I lifted my hands to the lantern for closer inspection. These would certainly fetch a pretty price at market. Not that I’d sell them right away, of course. Rory liked pretending he had the emotional depth of a spoon, but he would be hurt if I bartered his gift a mere day later. Markets weren’t hard to find in Omal. The lower villages were always in need of food and supplies. Trading among themselves was easier than begging for scraps from the palace.
The old man smiled briefly. “Happy birthday, Sylvia.”
Sylvia. My first and favorite lie. I pressed my hands together. “A consolation gift for the spinster?” Not once in five years had Rory failed to remember my fabricated birth date.
“I should hardly think spinsterhood’s threshold as low as twenty years.”
In truth, I was halfway to twenty-one. Another lie.
“You are as old as time itself. The ages below one hundred must all look the same to you.”
He jabbed me with his cane. “It is past the hour for spinsters to be about.”
I left the shop in higher spirits. I pulled my cloak tight around my shoulders, knotting the hood beneath my chin. I had one more task to complete before I could finally reunite with my bed, and it meant delving deeper into the silent village. These were the hours when the mind ran free, when hollow masonry became the whispers of hungry shaiateen and the scratch of scuttling vermin the sounds of the restless dead.
I knew how sinuously fear cobbled shadows into gruesome shapes. I hadn’t slept a full night’s length in long years, and there were days when I trusted nothing beyond the breath in my chest and the earth beneath my feet. The difference between the villagers and me was that I knew the names of my monsters. I knew what they would look like if they found me, and I didn’t have to imagine what kind of fate I would meet.

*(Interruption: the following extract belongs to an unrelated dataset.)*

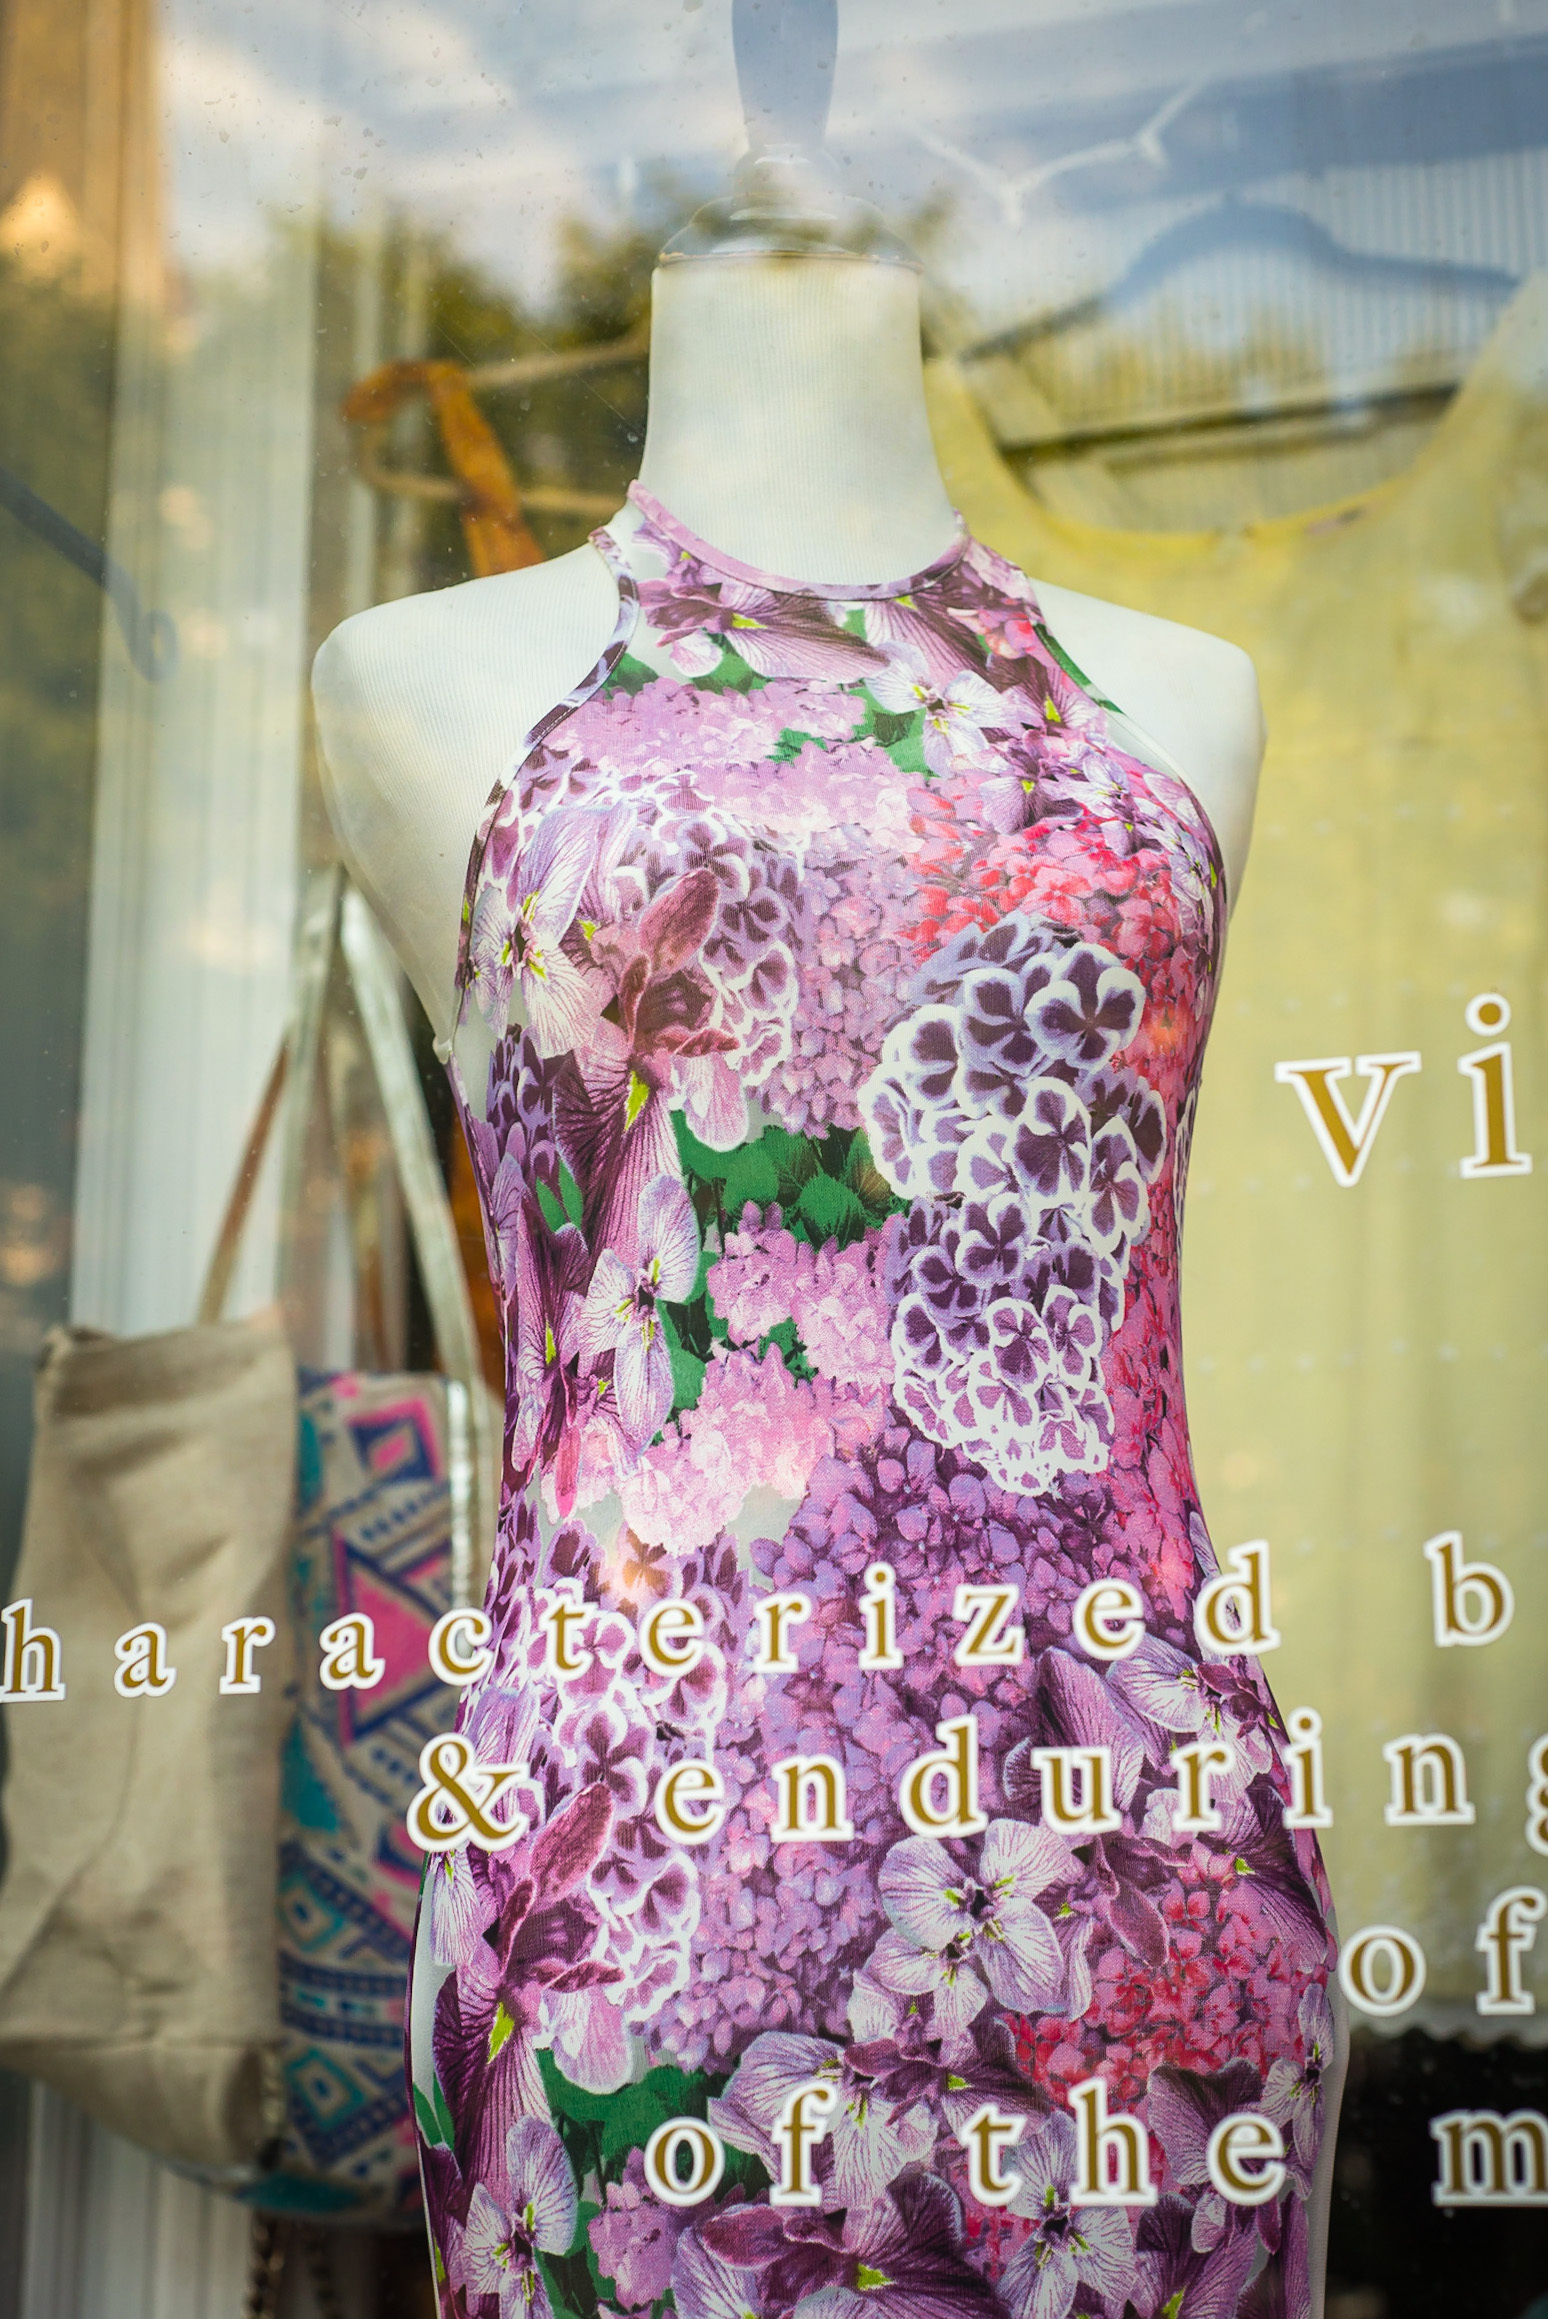 Mannequin in a pink floral dress in a shop window. Lettering naming the shop and describing it’s contents runs across the bottom.
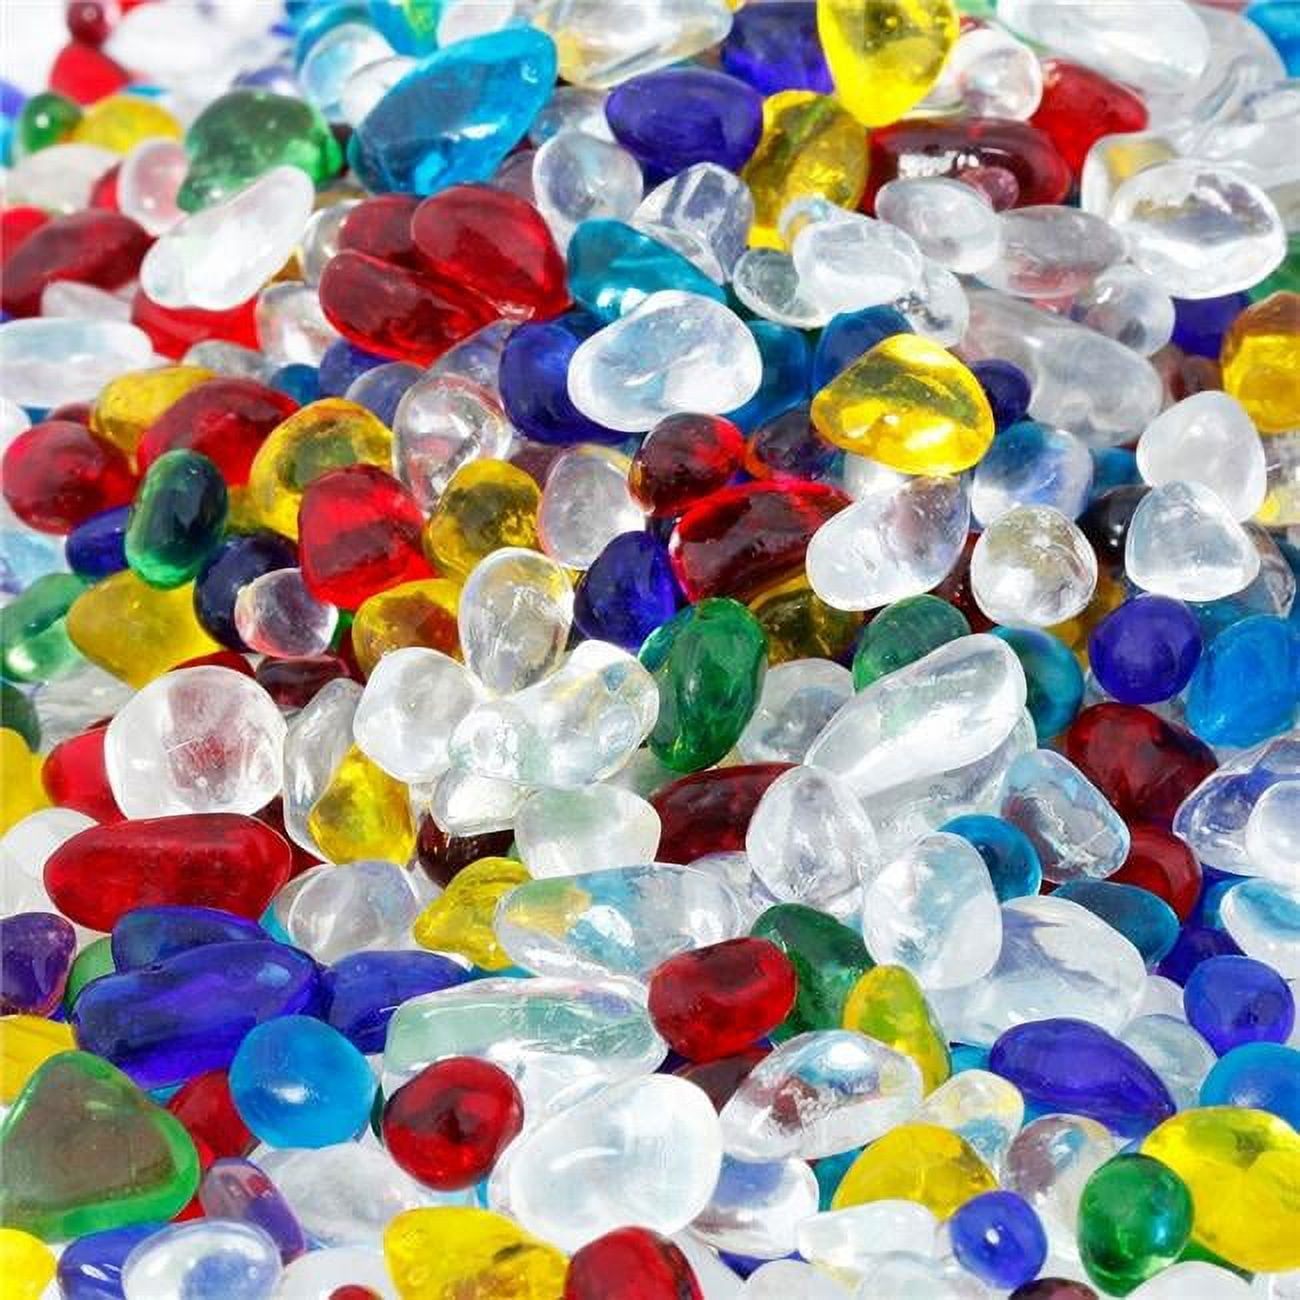 Rk460mx 1 Lbs Lampwork Glass Tumbled Chips Stone

Mahair was a tiny village, but its history was long. Its children would know the tales shared from their mothers and fathers and grandparents. Superstition kept Mahair alive, long after time had turned a new page on its inhabitants.
It also kept me in business.
Instead of turning right toward Raya’s keep, I ducked into the vagrant road. Bits of honey-soaked dough and grease marked the spot where the halawany’s daughters snacked between errands, sitting on the concrete stoop of their parents’ dessert shop. Dodging the dogs nosing at the grease, I checked for anyone who might report my movements back to Rory.